Ao menos por enquanto, não houve impacto na redução de legendas

O fim das coligações em eleições proporcionais dialogava com dois fenômenos delimitados pelo Congresso Nacional quando da tomada da decisão em 2017. Os partidos exageravam no uso das alianças em pleitos dessa natureza e distorciam o desejo do eleitor. Na propaganda eleitoral gratuita sequer juntas as agremiações apareciam. O risco de o eleitor se perder era grande.

A percepção de exagero estava correta: entre 2004 e 2008 superava 80% o total de vereadores eleitos por coligações nas cidades brasileiras. Entre 2012 e 2016 esse índice atingiu 92% e nenhum partido grande ficava abaixo de 85%. Indiscutivelmente esse expediente fazia parte das estratégias eleitorais de forma generalizada. Algumas, por sinal, pouco conhecidas. Por exemplo: um partido podia lançar sozinho até 1,5 vezes o total de vagas em disputa numa eleição proporcional. Em uma Câmara com 10 vagas, a legenda isolada apresentava até 15 nomes. Mas bastava se coligar a um ou mais partidos para esse total saltar para duas vezes: 20 nomes. A distribuição interna entre os parceiros cabia ao combinado por eles. Está aí uma estratégia interessante para uso das coligações: um partido grande se associa a um pequeno e aumenta seu volume de candidatos.

O fim desse tipo de acordo não veio isoladamente. Tivemos a cláusula de desempenho, a vigorar em 2018 com base nos resultados do pleito de deputado federal. Se o primeiro objetivo do congressista era acabar com as distorções das coligações, a redução do total de partidos também estava no radar. Mas aqui a cláusula parece mais eficiente que o fim das alianças. Ao menos com base no que temos a partir dos pleitos municipais.

Em 2016 uma média de quase 14 partidos disputou as eleições proporcionais em cada cidade. Eles estavam distribuídos em pouco mais de 4,5 chapas por município compostas por uma média de três partidos cada. E o que houve agora? O total de partidos por cidade caiu pela metade: foi a 7,3 em 2020. A pandemia pode ter contribuído para desarticular legendas, mas podem ter restado, nas realidades locais, apenas quem fazia sentido sob a nova ordem legal. E o que houve com os partidos? Todos, com exceção a PCO e Novo, que possuem penetração baixa no total de municípios do país, diminuíram suas presenças locais. Dos oito partidos mais presentes nas cidades em eleições proporcionais esse ano, todos reduziram o total de municípios onde lançaram vereadores a totais muito menores que aqueles registrados no ano 2000. A medida, assim, desoxigenou o quadro partidário de forma generalizada.

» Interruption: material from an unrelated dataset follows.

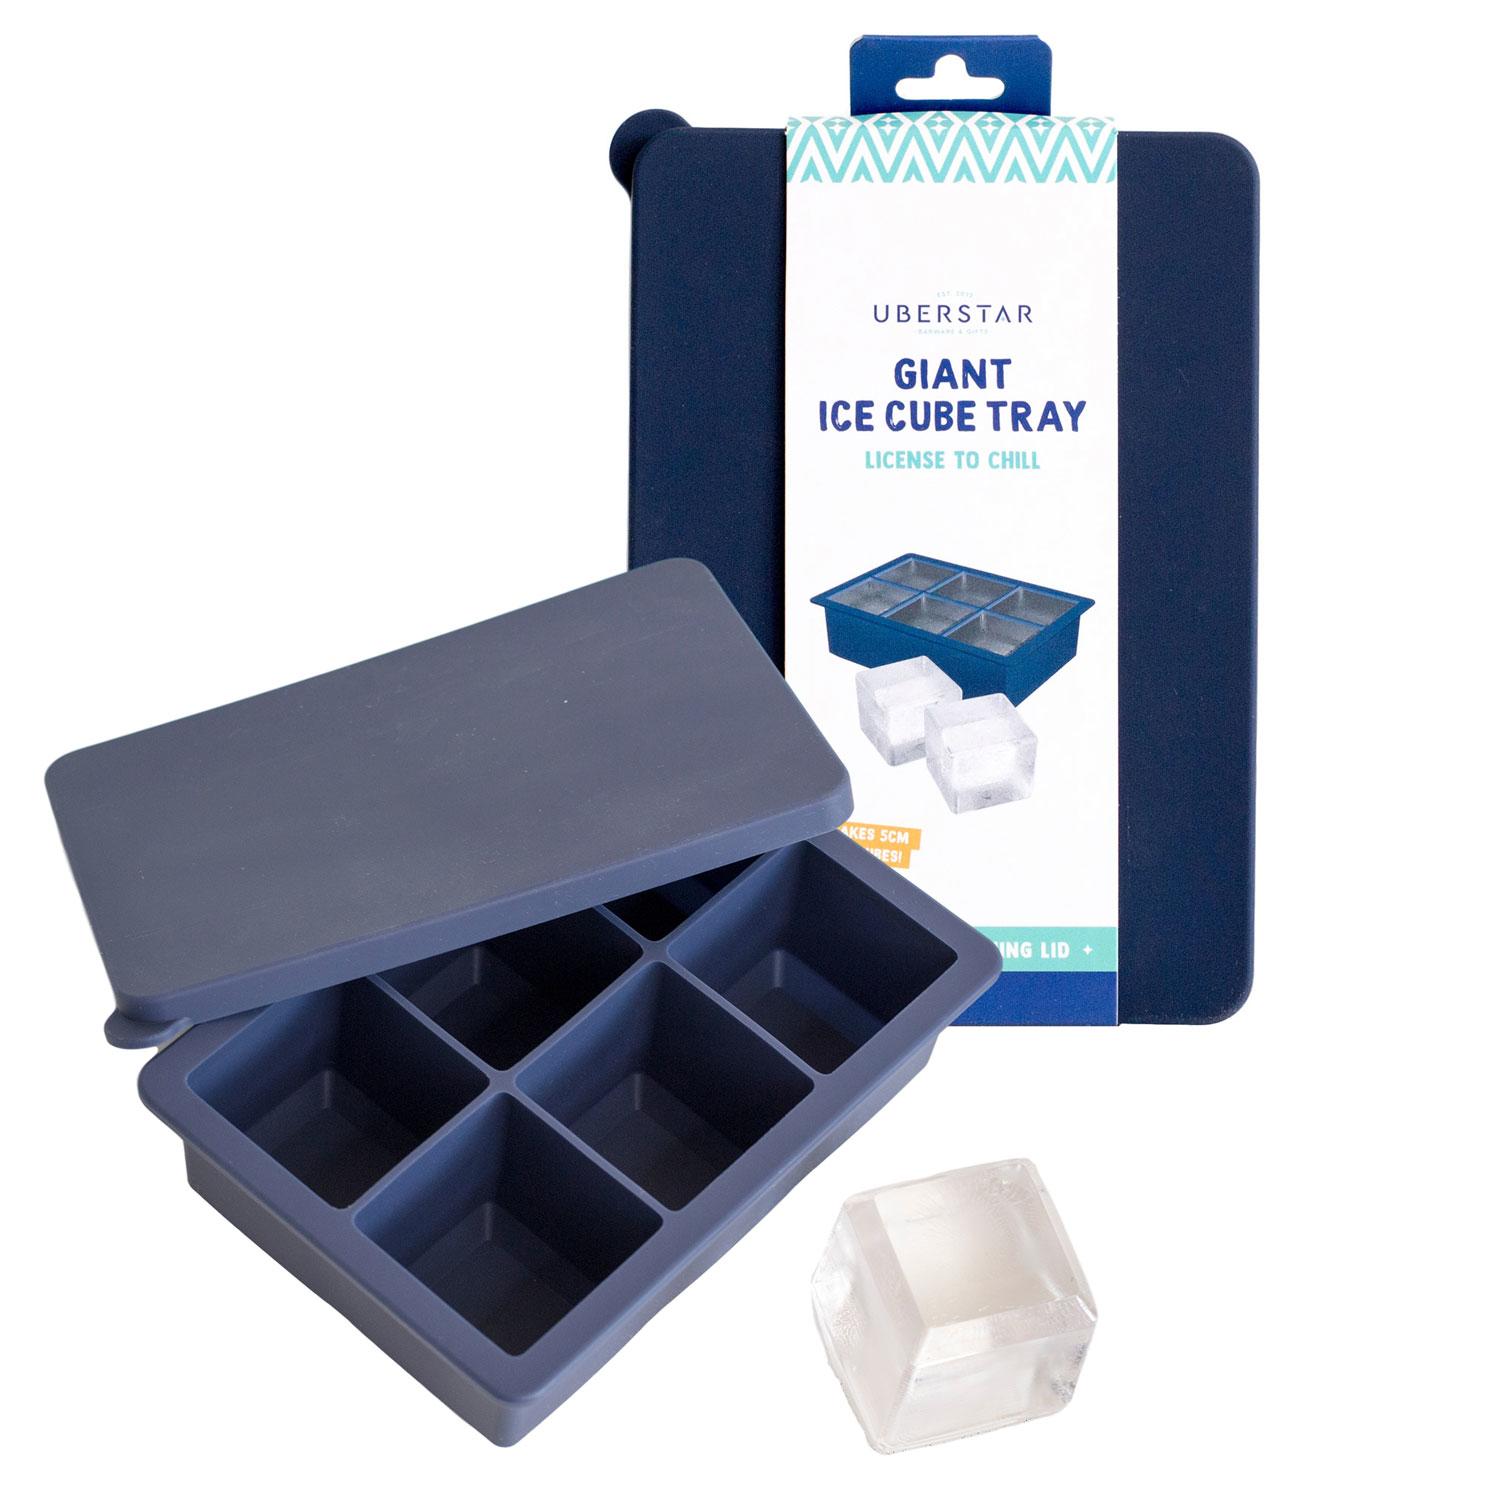 Uberstar Giant Ice Cube Tray - Only £10.99
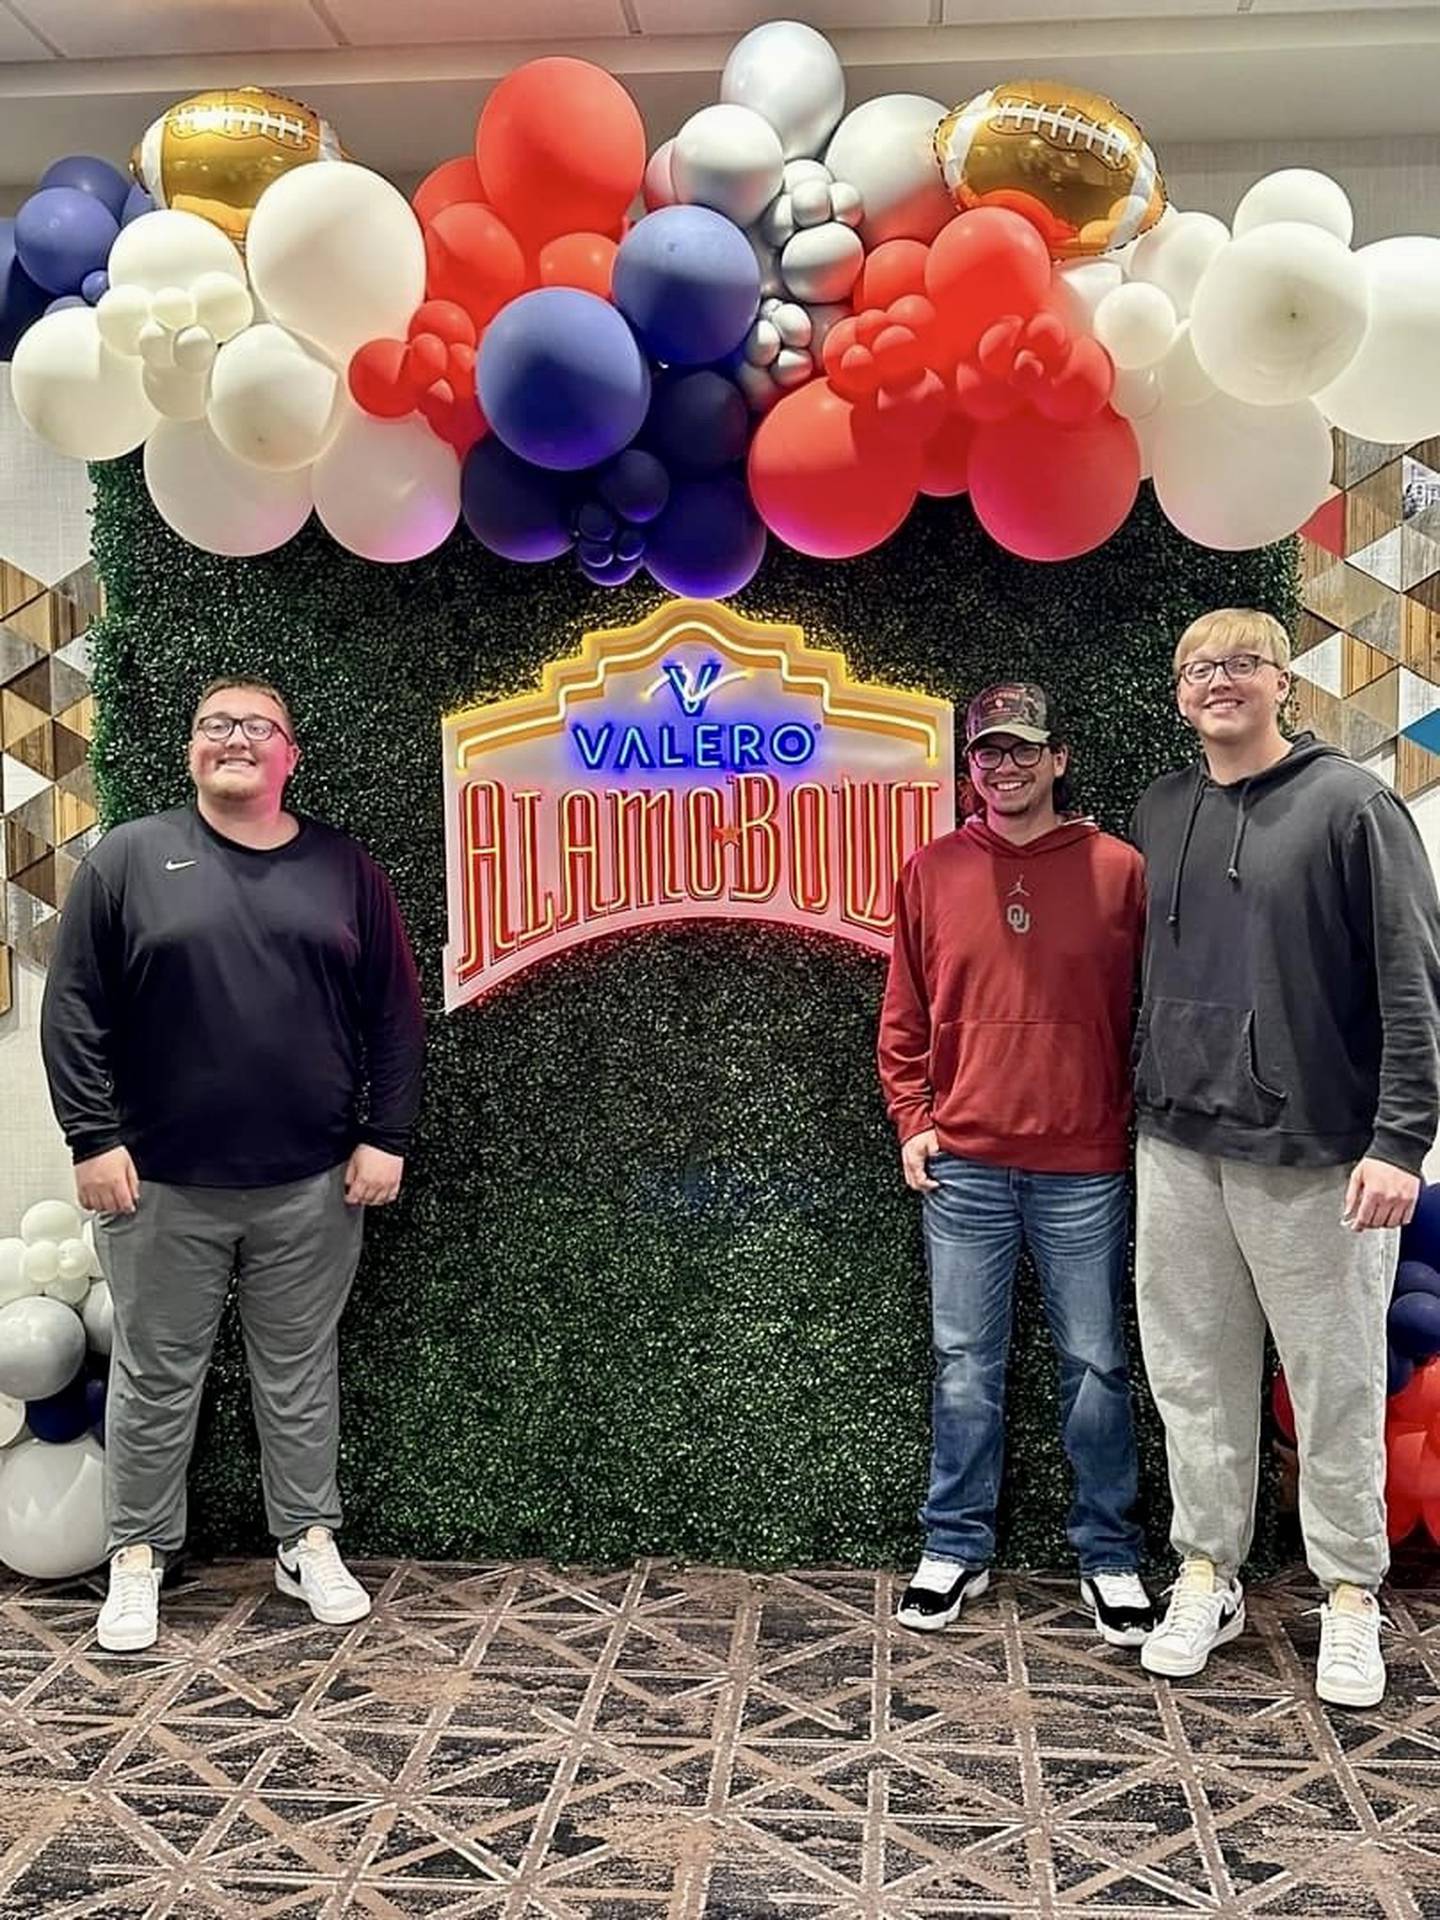 Three former Princeton Tiger teammates Branden Haring (from left), Kaleb Cain and Caleb Haring met up at the Alamo Bowl in San Antonio, Texas. Cain is an equipment manager for Oklahoma and the Haring brothers are  equipment managers for Arizona.

E já que não existem mais coligações, o que houve com o resultado das legendas? Se a redução da presença nas cidades foi generalizada, o que se podia esperar ocorreu. Responsáveis por lançar chapas próprias, e buscando ao máximo as completar para angariar votos, o total de candidatos por legenda até aumentou em muitos casos - mas aquela média de 92% de vereadores eleitos por coligações, obviamente, foi a zero. Dessa forma, a despeito de aspectos conjunturais e do resultado de cada legenda, o que se viu foi uma distribuição menos desigual das vagas nas Câmaras brasileiras. O desvio padrão das cadeiras conquistadas pelas legendas em 2020 é semelhante àquele de 2012, e pouco menos concentrado que o registrado em 2016. Em 2004 e 2008 a concentração dessas vagas nos grandes partidos era sensivelmente maior. Ou seja: o fim das coligações em eleições proporcionais corrigiu a distorção do desejo do eleitor, mas definitivamente não impactou, ao menos por enquanto, na redução de legendas - algo que fará mais sentido a partir de 2022, quando atuará em conjunto com o novo degrau da cláusula de desempenho. Humberto Dantas é doutor em ciência política e head de educação do Centro de Lideranças Políticas (CLP)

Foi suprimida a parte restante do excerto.